Trying to Get Down to the Heart of the Matter

As engineers, it’s easy to get lost in the weeds. We dive deep into solving problems, chasing edge cases and perfect logic, but sometimes forget to focus on the core of what actually needs to work. It’s natural—we want to get things right. But often, the “right thing” is just getting a simple, functional version working first.
Let’s look at a couple of examples that highlight this idea.
A Real-World Example
Disclaimer: This is based on a real problem I encountered, but the details have been changed to protect the innocent.
I worked on a project for a client who needed a desktop application to interact with a third-party system. This system managed resources moving through a pipeline—buying, selling, storing, moving, or releasing them. Each action required input, like filling out a form, but the required fields changed based on the action. Some inputs were simple text, others dropdowns populated dynamically from the backend or the third-party system.
The client’s users were used to spreadsheets and wanted a similar experience. A wizard-style UI was a no-go—too slow. Instead, they needed a fast, reactive interface: select an action, and the relevant fields would update immediately. On paper, it didn’t sound too bad. In practice, it was a beast.
The project was already behind schedule and over budget. The previous dev team had been let go, and we were asked to pick up the pieces—without starting over.
Every action in the app was broken in some way. Some hadn’t even been started. The previous team had tried to implement every single business rule from the beginning, action by action. But each fix broke something else. The codebase was a mess.
So we took a different approach.
We stripped the business logic out. Completely. Just commented it out. We replaced everything with basic inputs and dropdowns that passed data through to the backend without validation—except for the action selector, which was still wired up to dynamically control the form.
Suddenly, we had something that worked.
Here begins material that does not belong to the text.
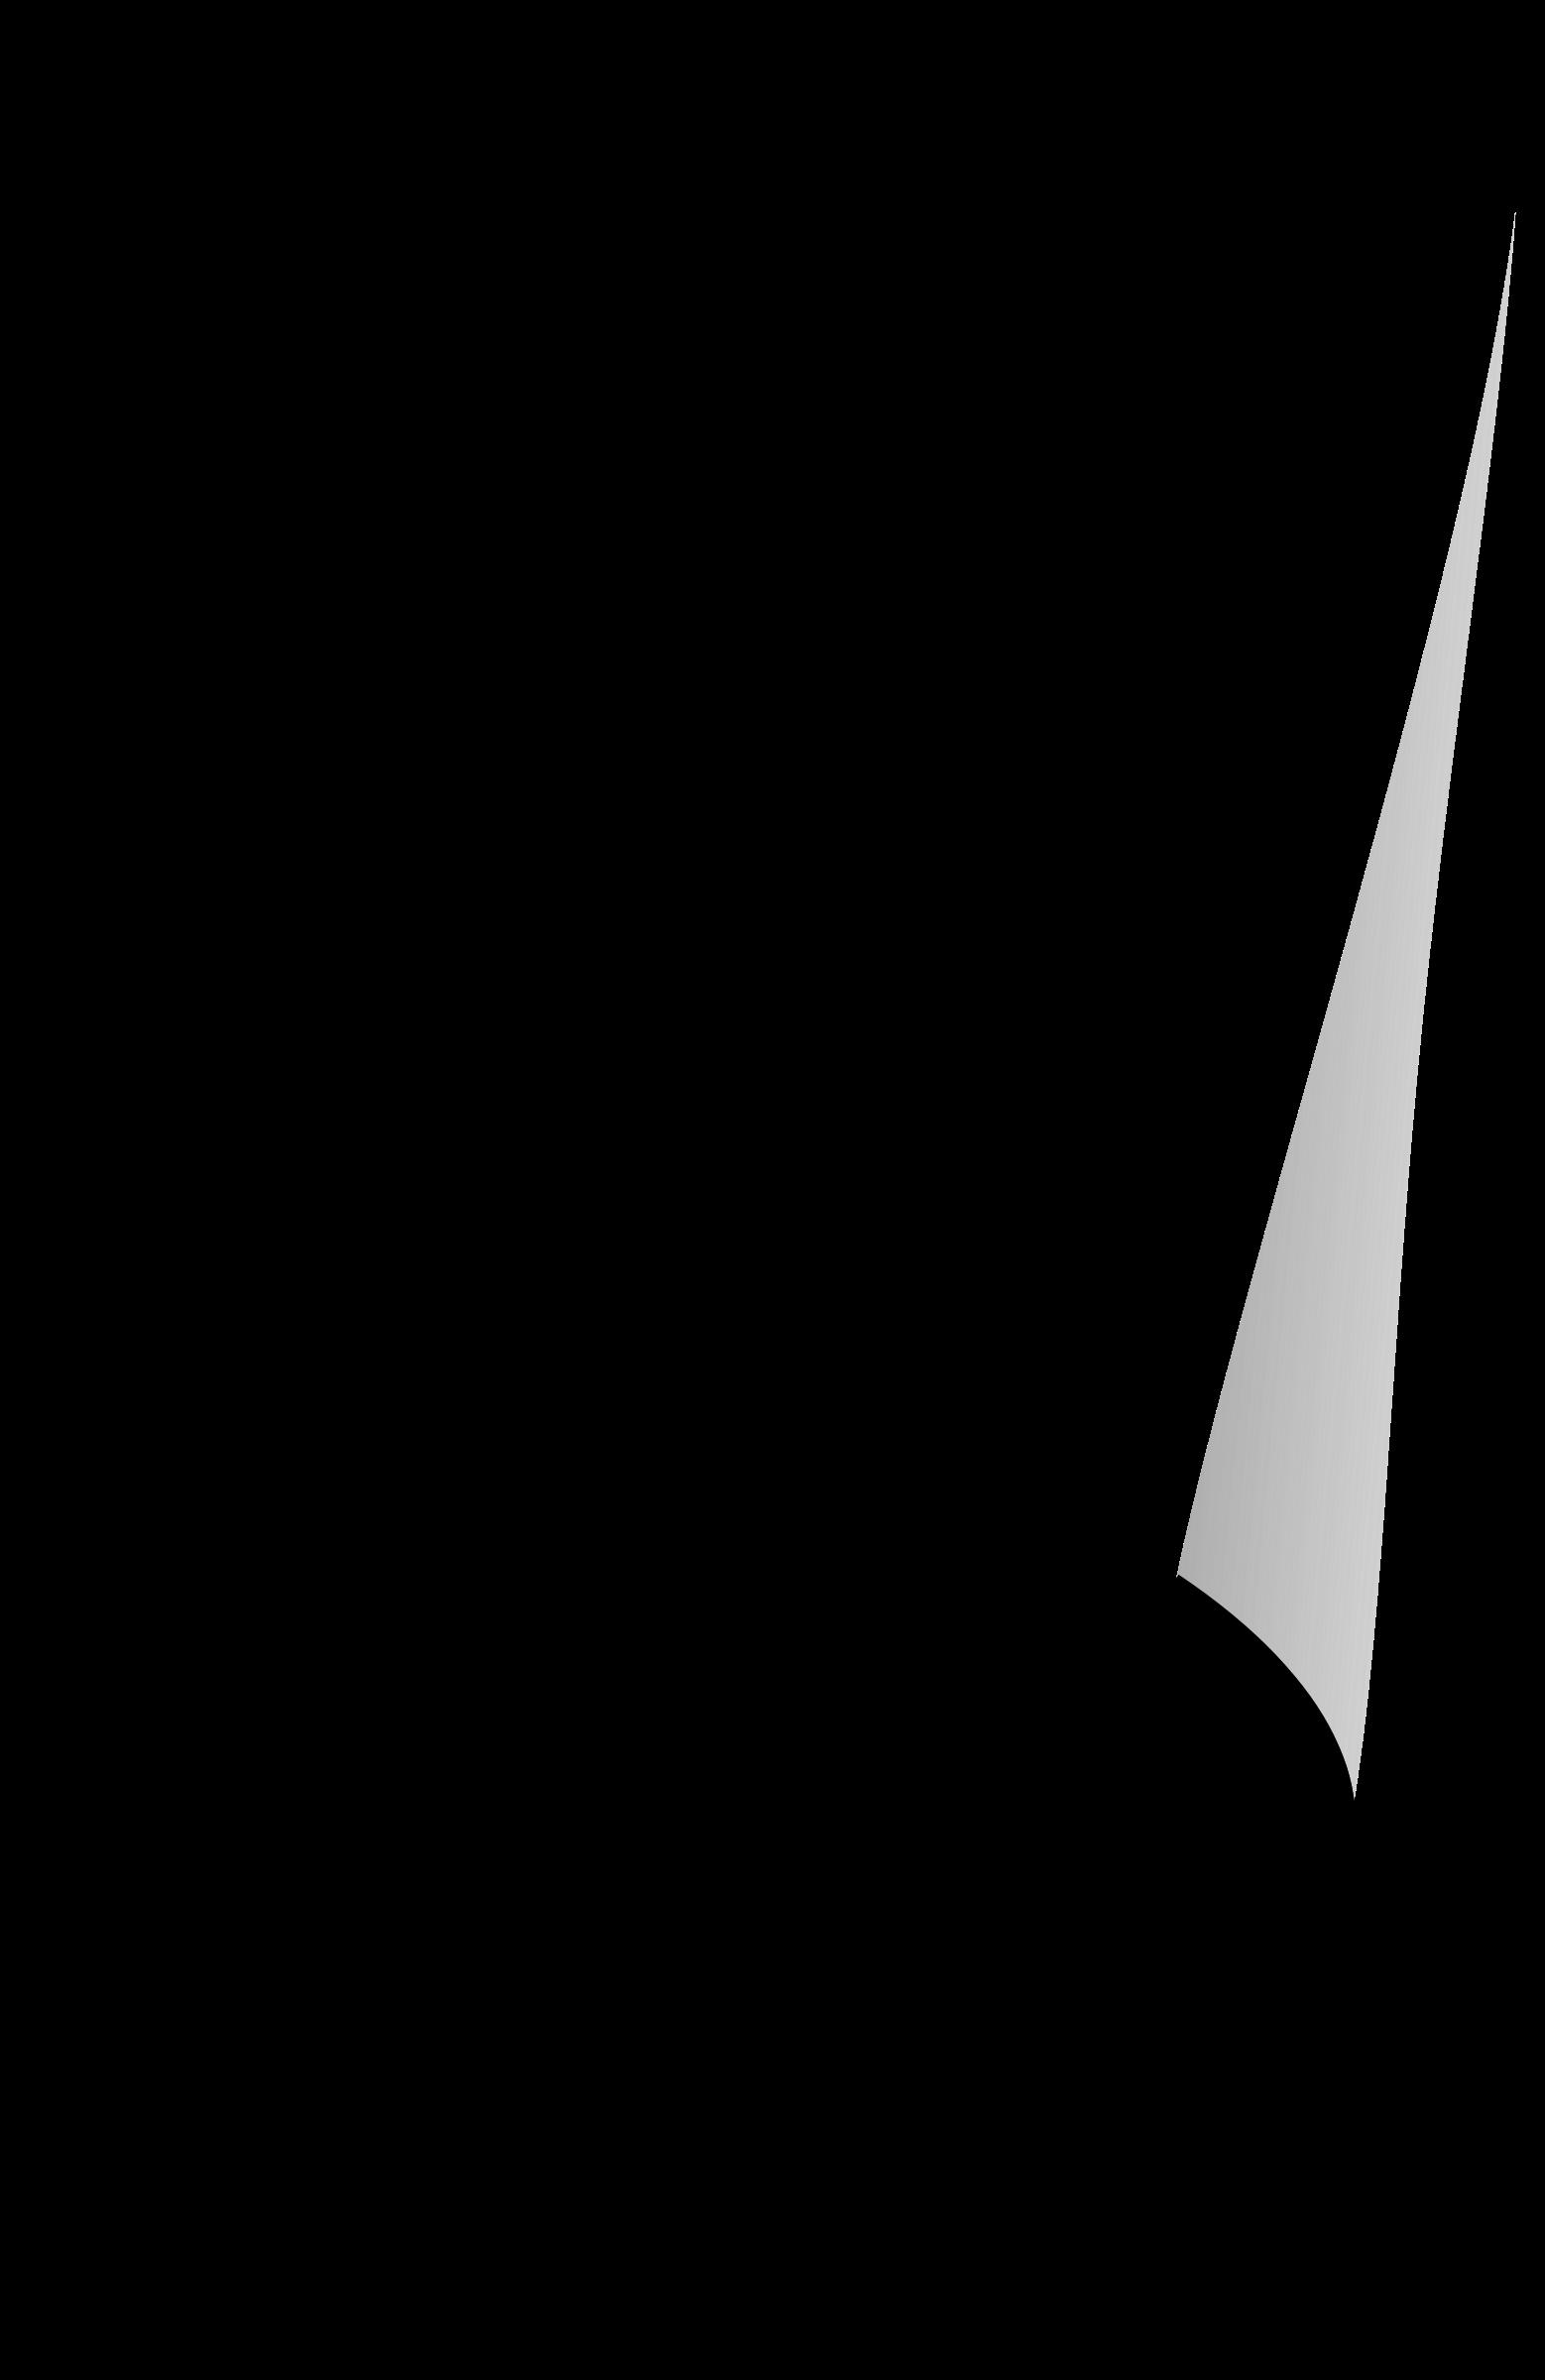 nose clip art nase png 1558 2400 iddi skool pinterest rh pinterest co uk nose clipart png nose clip art free

The third-party integration—the actual root problem—was functional. That was the turning point.
Once we had a working foundation, we reintroduced business rules one at a time, testing and validating each as we went. We delivered a working system on time.
The lesson? The complicated business logic wasn’t the real blocker—it was trying to solve everything at once without a stable base. Once we focused on the core problem, the rest fell into place.
Another Example
Let’s say you’re building a CSV importer. The goal? Read a CSV file, validate it, and insert the data into a database.
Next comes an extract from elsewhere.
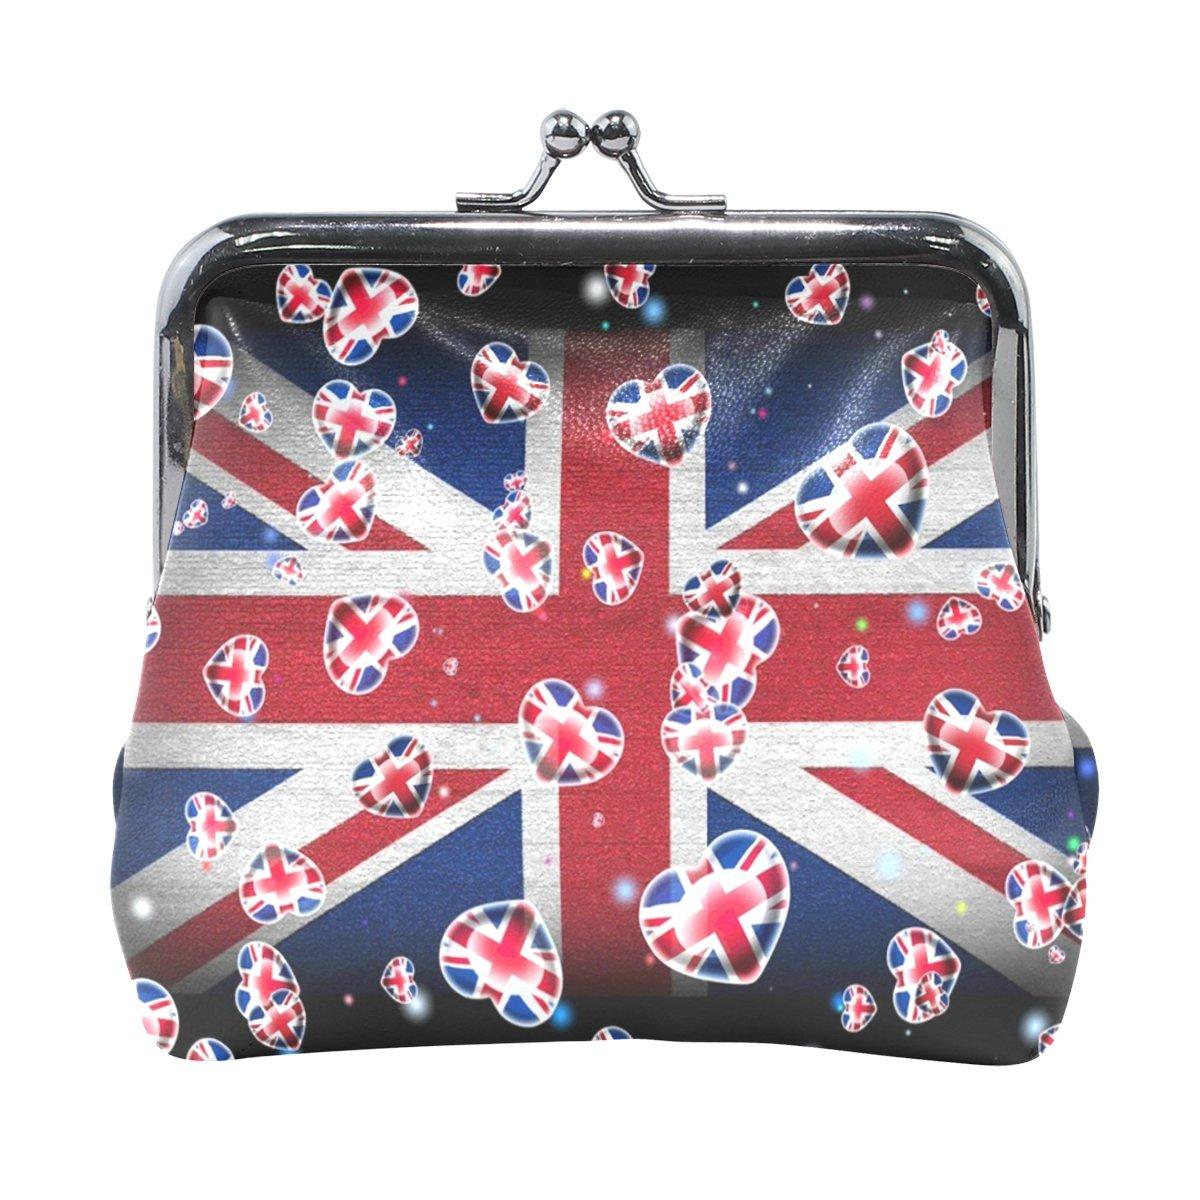 MaMacool British Flag Coin Pouch Purse Womens Wallet Card Holder Coin Purse Clutch Handbag by MaMacool

Sounds simple—until validation enters the picture.
Now you’re dealing with required fields, optional fields, special formats, external API checks, inconsistent headers, mixed casing, varying column orders, and more.
That’s a lot. And it’s tempting to start coding all those checks from the beginning. But again, what’s the real problem?
You need to get data from a file into the database. That’s the heart of it.
So start there. Build an importer that reads the file and inserts the raw data. Don’t worry about all the edge cases just yet. Once the core path works, layer in the validation rules step by step. That way, you always have something functional, and you’re never completely blocked.
The Moral
Complexity is seductive. It can trick you into thinking it’s the main problem.
But it often isn’t.
Start with the root issue—the one thing that absolutely has to work. Strip it down to its essentials and get that part solid. Once the foundation is in place, you can build complexity with confidence.
Don’t get bogged down in the details before you have something working.
Because at the heart of it all, what really matters is delivering something real.